▸ **WORK REQUIRED**:
Transcribe the listing below only from the line with "This is one" up to and including the line with "How to Perform".

▸ **SOURCE MATERIAL**:
+ + + + + + +
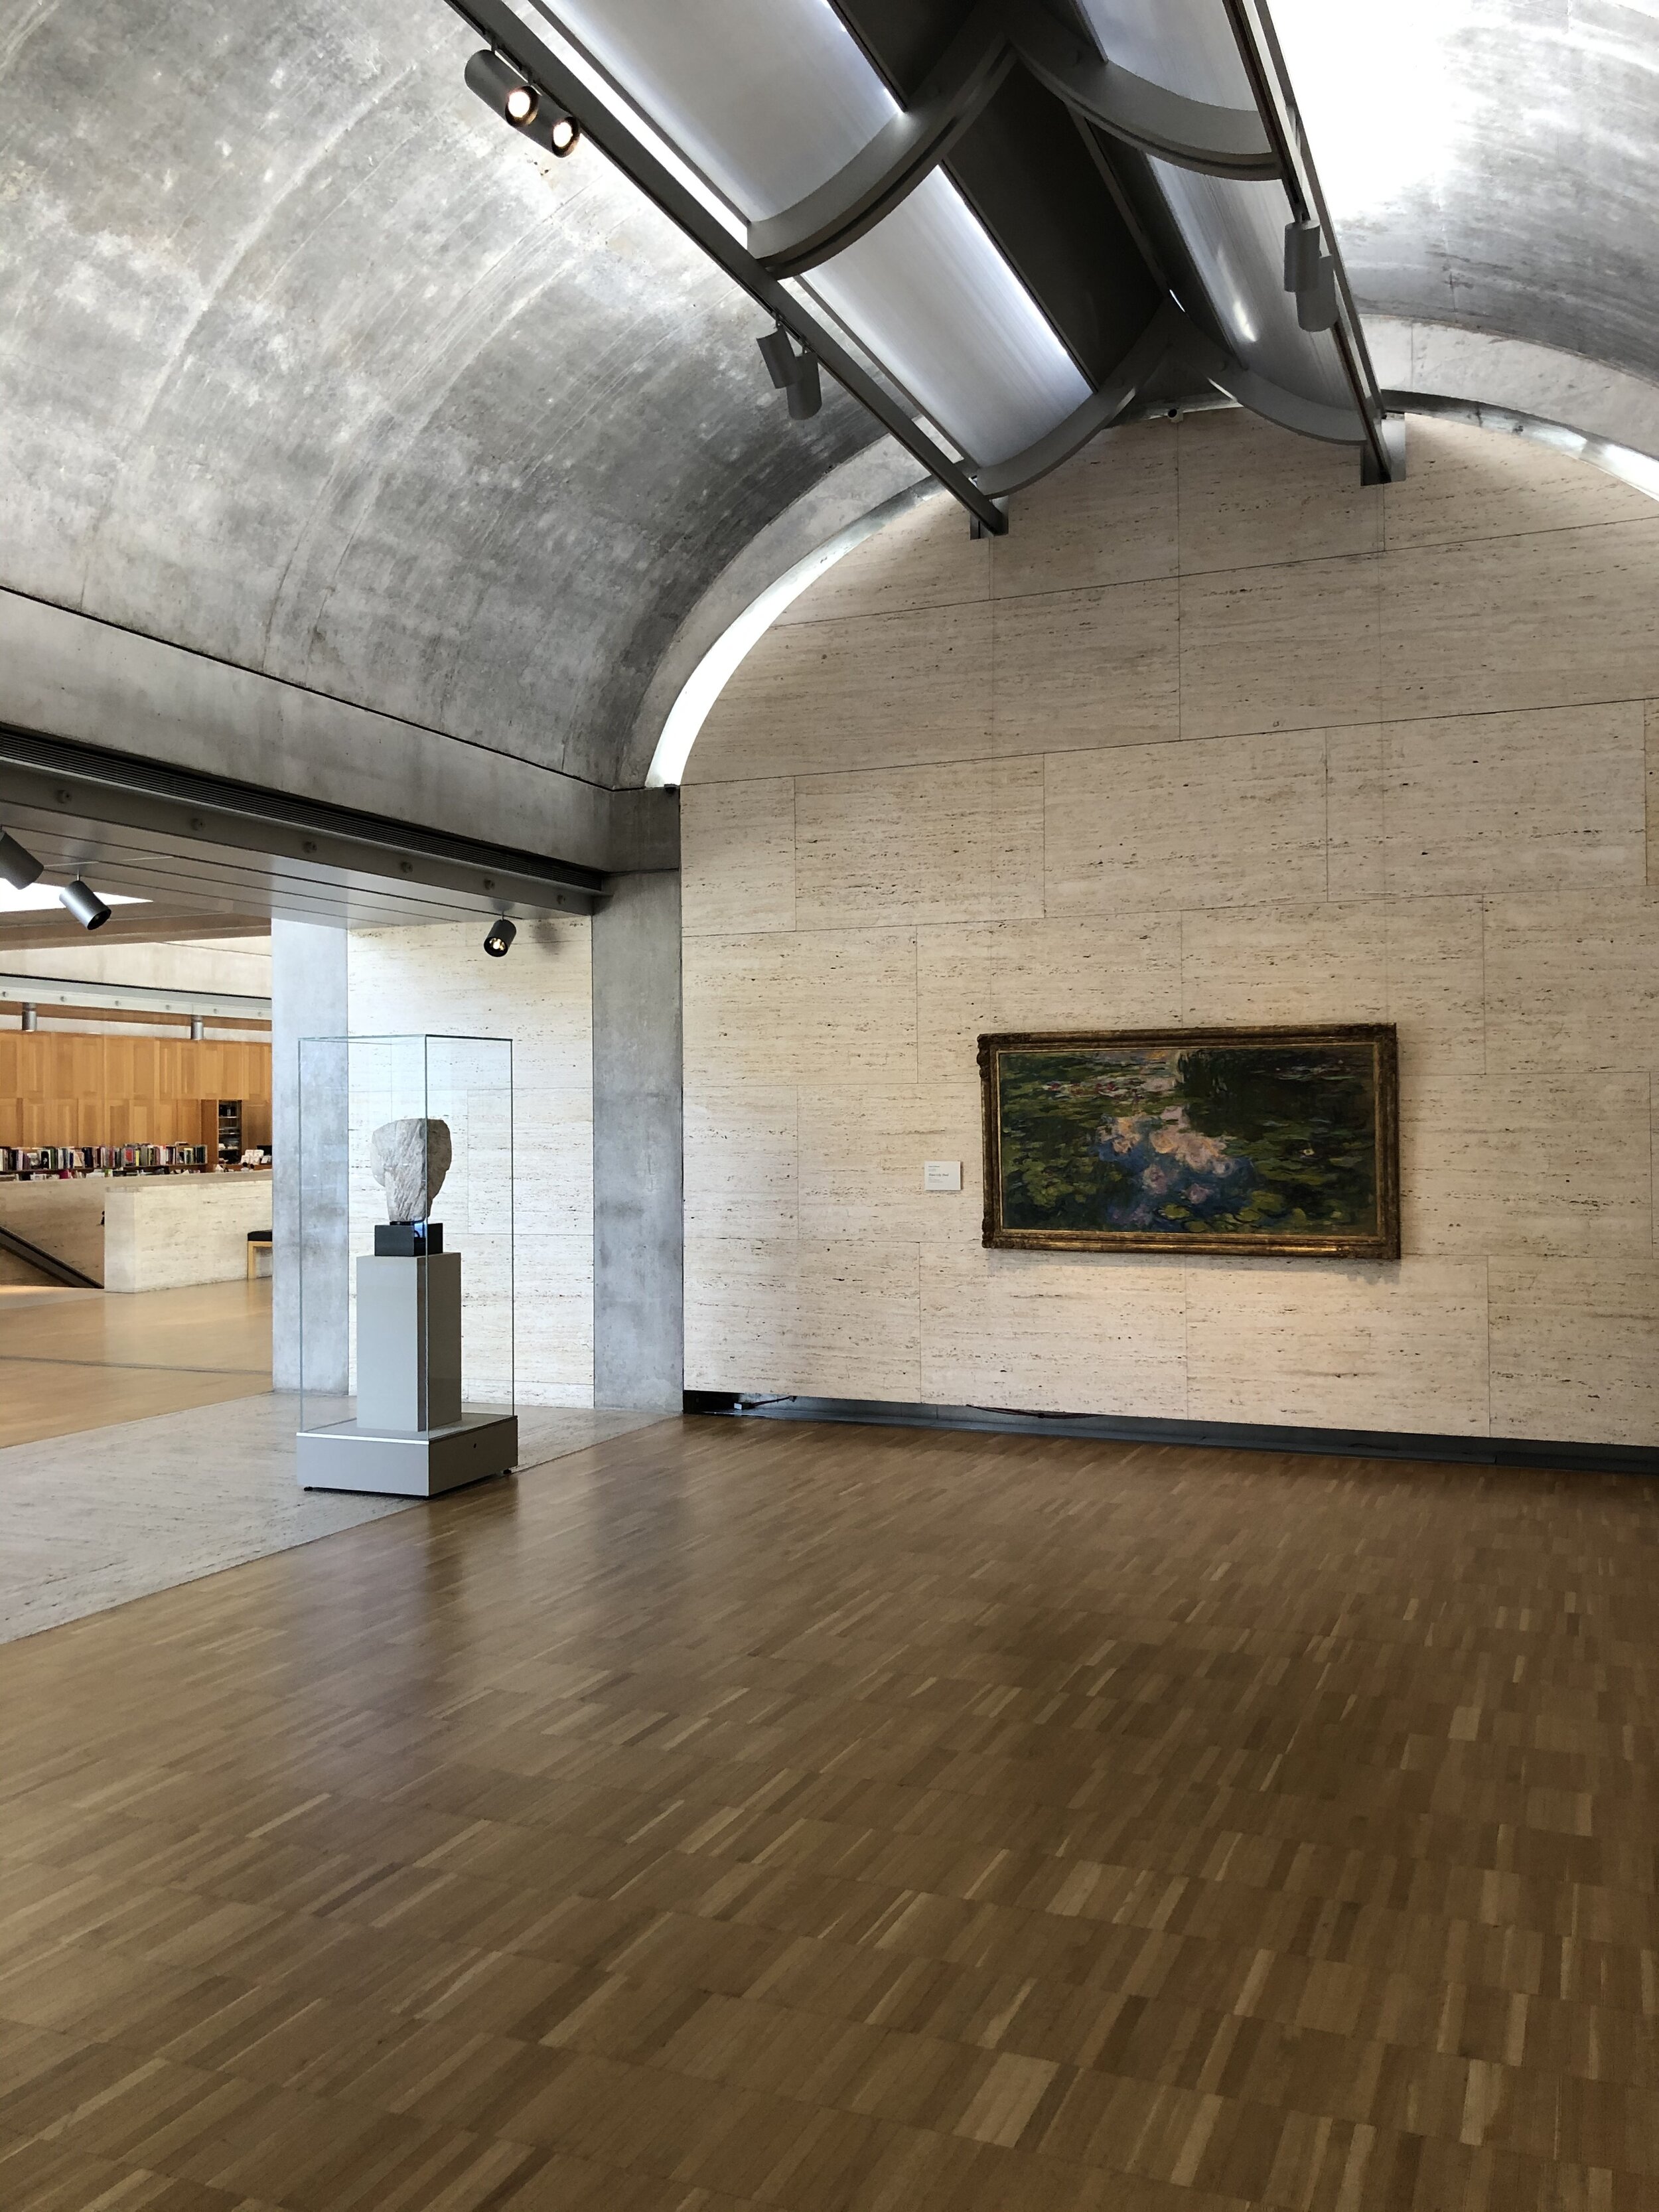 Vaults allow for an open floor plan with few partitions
+ + + + + + +
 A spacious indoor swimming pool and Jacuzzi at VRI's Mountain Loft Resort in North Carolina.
+ + + + + + +
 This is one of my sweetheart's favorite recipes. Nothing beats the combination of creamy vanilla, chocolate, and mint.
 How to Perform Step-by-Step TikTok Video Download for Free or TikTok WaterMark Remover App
+ + + + + + +
▸ **RESULT OF THIS TASK**:
 This is one of my sweetheart's favorite recipes. Nothing beats the combination of creamy vanilla, chocolate, and mint.
 How to Perform Step-by-Step TikTok Video Download for Free or TikTok WaterMark Remover App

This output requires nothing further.